Comment classifier les microplastiques et les macroplastiques ?

Les microplastiques et les macroplastiques se comportent différemment dans les environnements marins. Des classes claires de taille, de matériau et de forme guident la récupération et le rapport.

Méta description

Les microplastiques (<5 mm) et les macroplastiques (≥5 mm) se comportent différemment dans les environnements marins. Des classes claires de taille, de matériau et de forme guident la récupération et le rapport.

Aperçu

Le plastique dans les environnements marins n'est pas une catégorie unique. Il se fragmente, réseau, coule et voyage à travers les courants et les zones côtières. Une classification pratique clarifie l'exposition et l'impact : taille (micro vs macro), matériau (familles de polymères) et forme (film, fibre, granulé, mousse, rigide). Ces classes déterminent le comportement car la flottabilité, la fragilité et la surface contrôlent le transport et les interactions avec les organismes. Par conséquent, une taxonomie cohérente améliore à la fois la surveillance et la prévention tout au long de la chaîne entière — de l'interception le long des côtes à la récupération en mer.
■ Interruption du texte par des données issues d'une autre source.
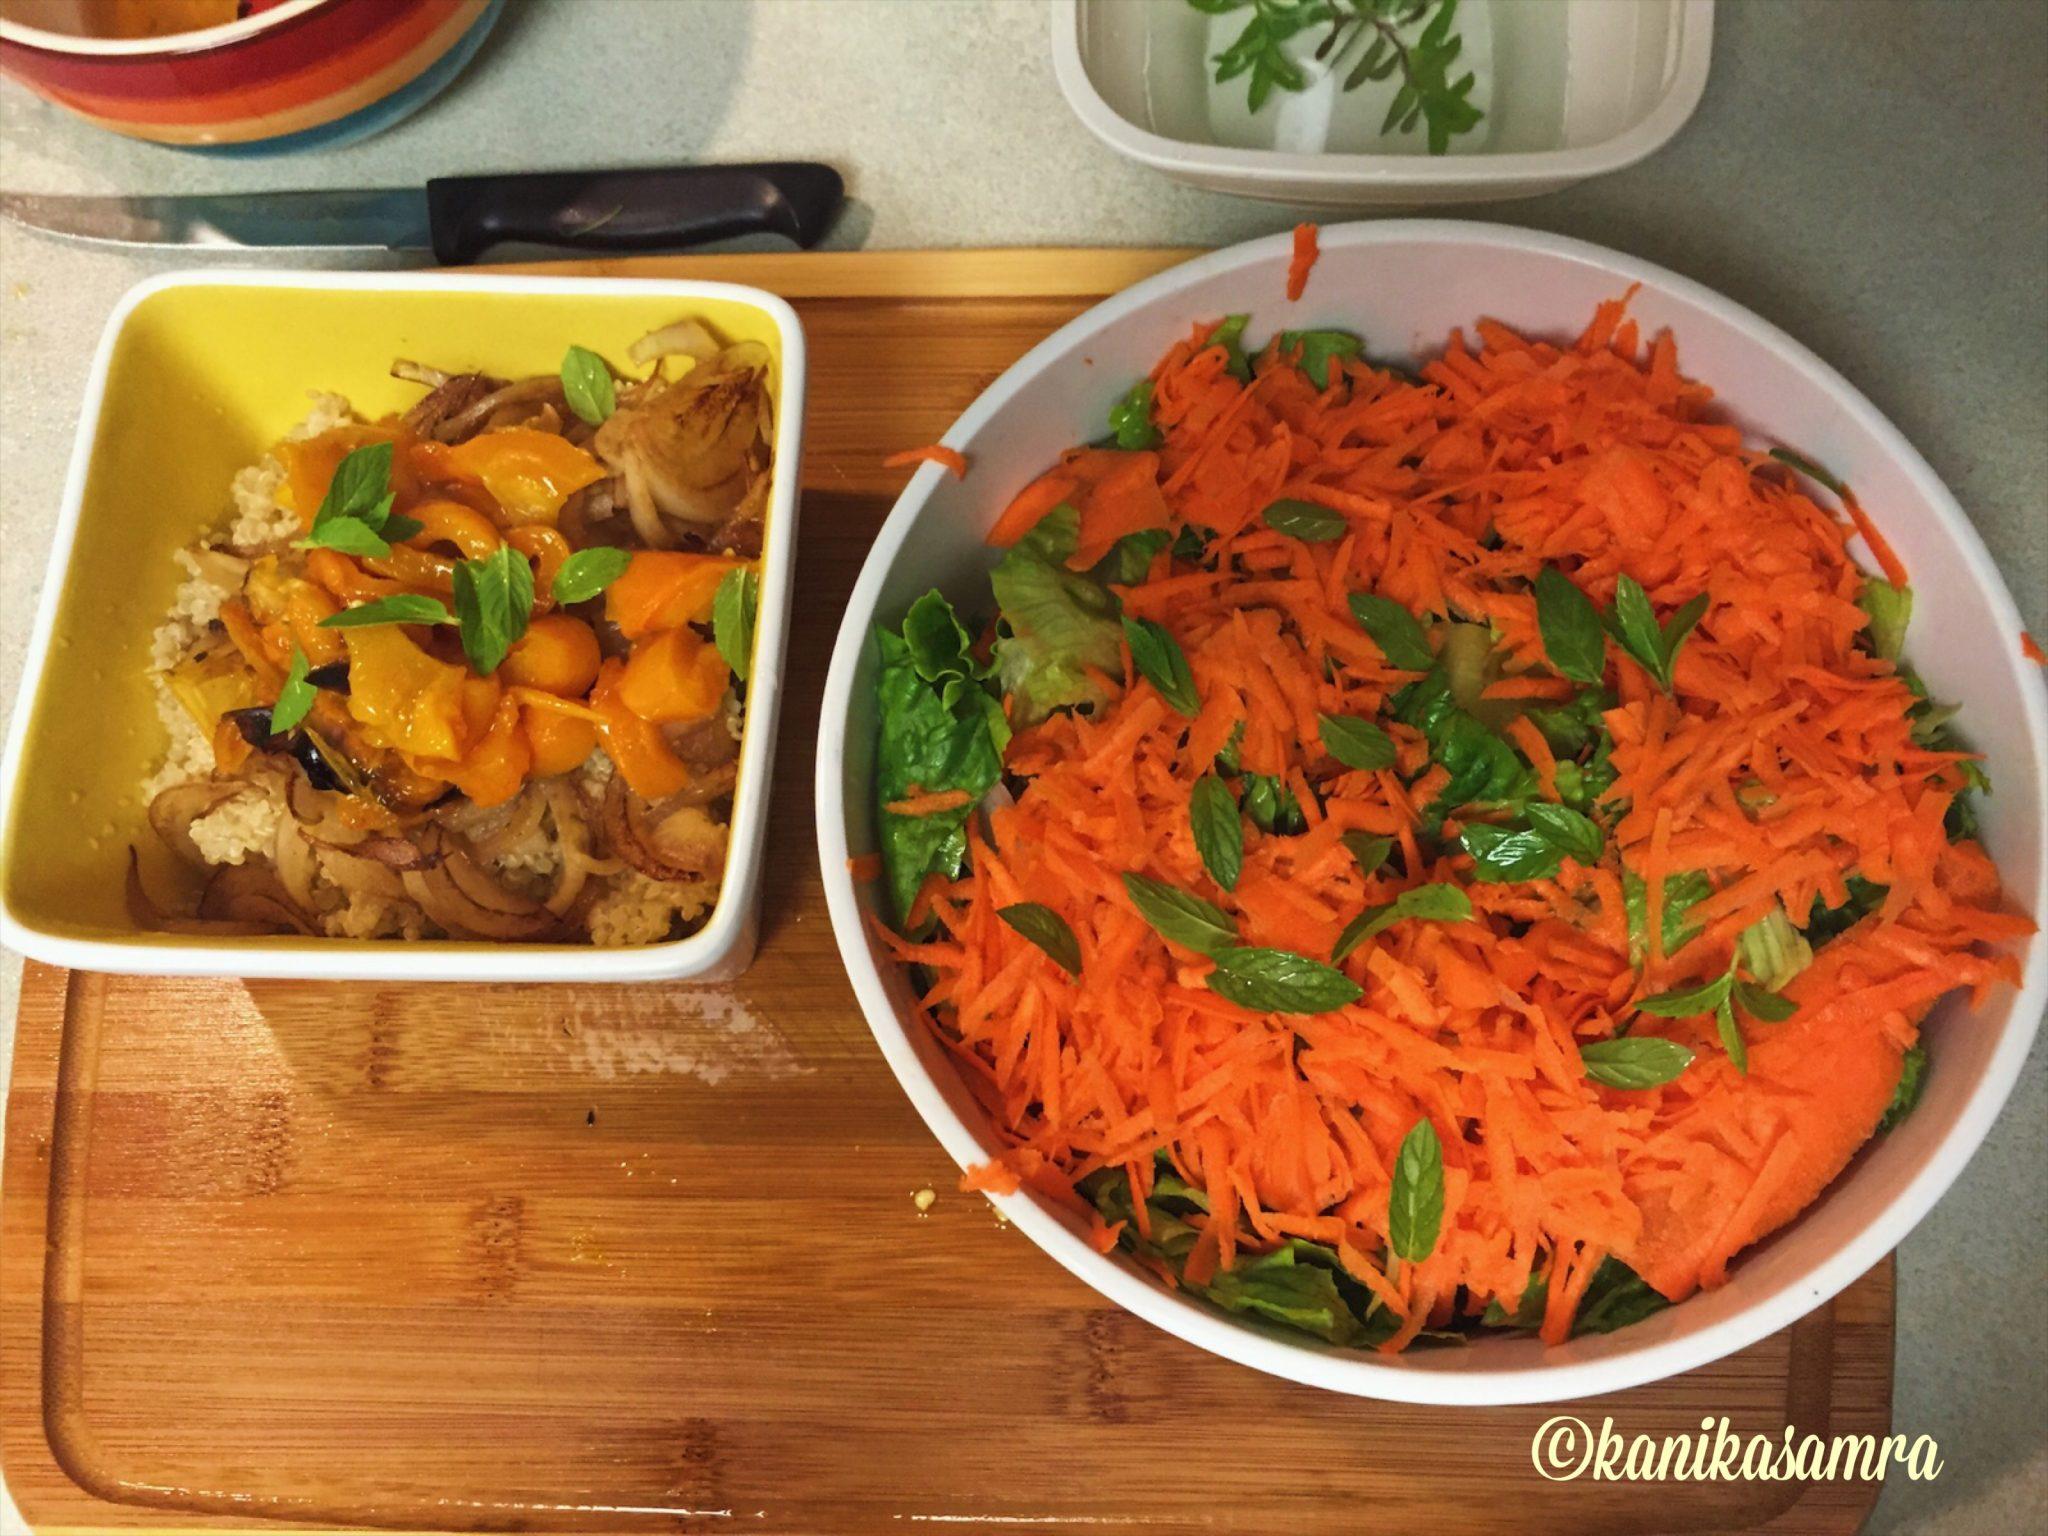 Quinoa and Salad

Plastique en classes mesurables

Taille

Les microplastiques sont des particules de moins de 5 mm (millimètres) dans leur plus grande dimension ; les macroplastiques sont des objets mesurant 5 mm et plus. La taille est un facteur déterminant du comportement environnemental et de l'impact biologique. Les particules plus petites exposent une plus grande surface par rapport à leur taille. Cela signifie qu'elles se décomposent plus rapidement, absorbent plus facilement les produits chimiques de l'environnement environnant et peuvent être avalées par des organismes qui filtrent l'eau ou se nourrissent de petites particules. Les objets plus grands, en revanche, causent des dommages principalement par contact physique, entraînant des enchevêtrements, des éraflures et des blocages qui interfèrent avec le mouvement et les fonctions biologiques de base des organismes et des habitats.

Matériau

Les polymères diffèrent par leur densité, leur rigidité et leurs schémas de vieillissement. Le polyéthylène et le polypropylène (courants dans les emballages et les équipements de pêche) sont généralement flottants dans l'eau de mer et s'accumulent à la surface ou le long des zones côtières. Le PET, le PVC et le PA (nylon) sont plus denses et, une fois que la vie marine s'y développe, ils coulent souvent ou se déplacent de haut en bas dans l'eau. Ces propriétés guident la collecte : les objets flottants peuvent être interceptés par des filets de pêche en surface ou des nettoyages côtiers ; les objets plus lourds nécessitent des opérations de fond marin et une récupération assistée par des plongeurs.

Formes

La forme détermine comment les objets en plastique se déplacent, se décomposent et interagissent avec l'environnement. Les films (sacs, emballages) ont tendance à se froisser et à se déchirer en longues bandes ; les fibres (lignes, cordes, filets) s'usent progressivement et libèrent des microfibres ; les mousses (EPS, polystyrène expansé utilisé dans les emballages) se cassent en de nombreuses petites billes ; les granulés (résine de pré-production) sont de petits granules lisses qui s'usent lentement, générant progressivement des fragments plus petits ; les objets rigides (bouchons, caisses, conteneurs) se fissurent aux bords, aux coins et dans les zones précédemment sollicitées, produisant des morceaux durs et anguleux.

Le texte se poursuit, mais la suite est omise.